Jake tries to go on another date with Olivia but she tells him she is still preoccupied by her last relationship. He insists he is still interested in her and the two kiss.

Huck and Harrison discover that Maybelle kidnapped herself. When she tries to leave with her money Huck picks her up and her parents confront her. Hollis tells her she can come back to the family home or she can leave with the money. Maybelle chooses the money and cuts off her relationship with her parents.

Osborne goes to Cyrus and denies that he's the mole. Cyrus informs him that it's out of his hands and that Fitz has made the decision.

Fitz discovers that Mellie has cancelled the family weekend he has planned involving their two children. When he accuses her of not loving their children and being cold she reveals that she cancelled in order to protect the children who are afraid of their father and can smell the liquor on him.

At Olivia Pope and Associates the gladiators hear the news that George Osborne committed suicide.
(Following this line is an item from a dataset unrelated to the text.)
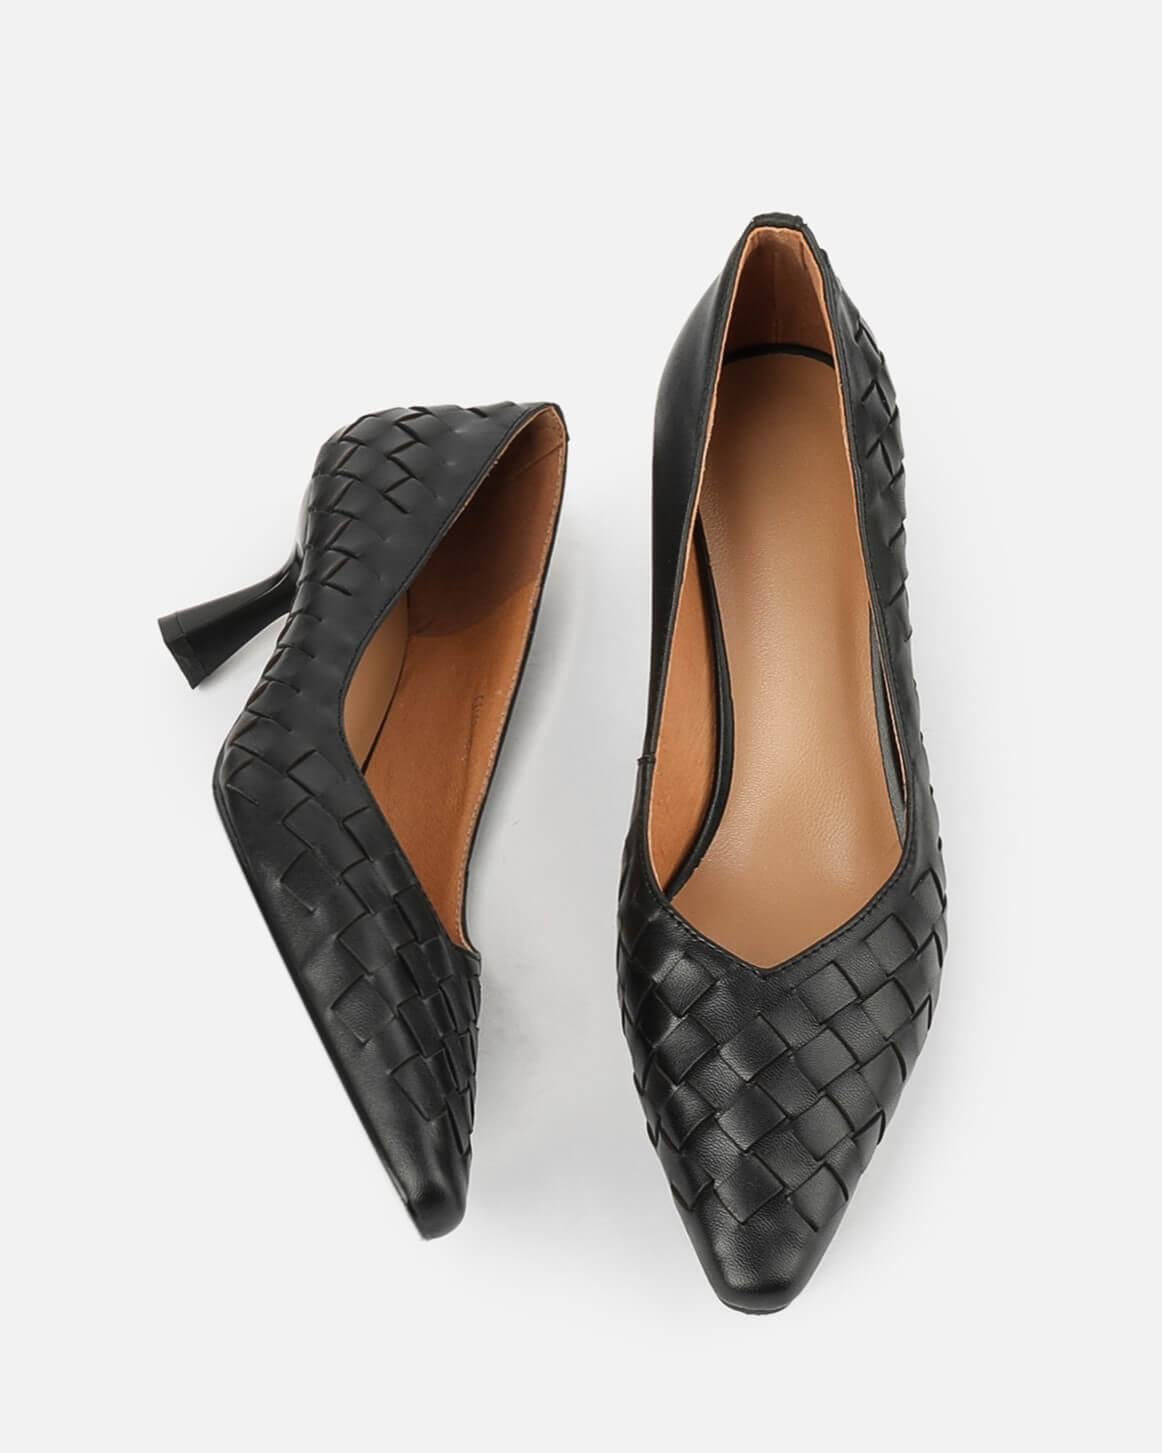 Misora-lambskin-woven-heels-black-3

Jake sits on a bench drinking coffee when a man (Joe Morton) sits down beside him. They chat about the weather before the man praises Jake for staging Osborne's suicide and convincing everyone he's the mole.

Critical reception
Ryan McGee at The A.V. Club gave the episode a B+ noting that the final third of the episode was "so great that it's easy to forget that almost next to nothing of interest really happened before it."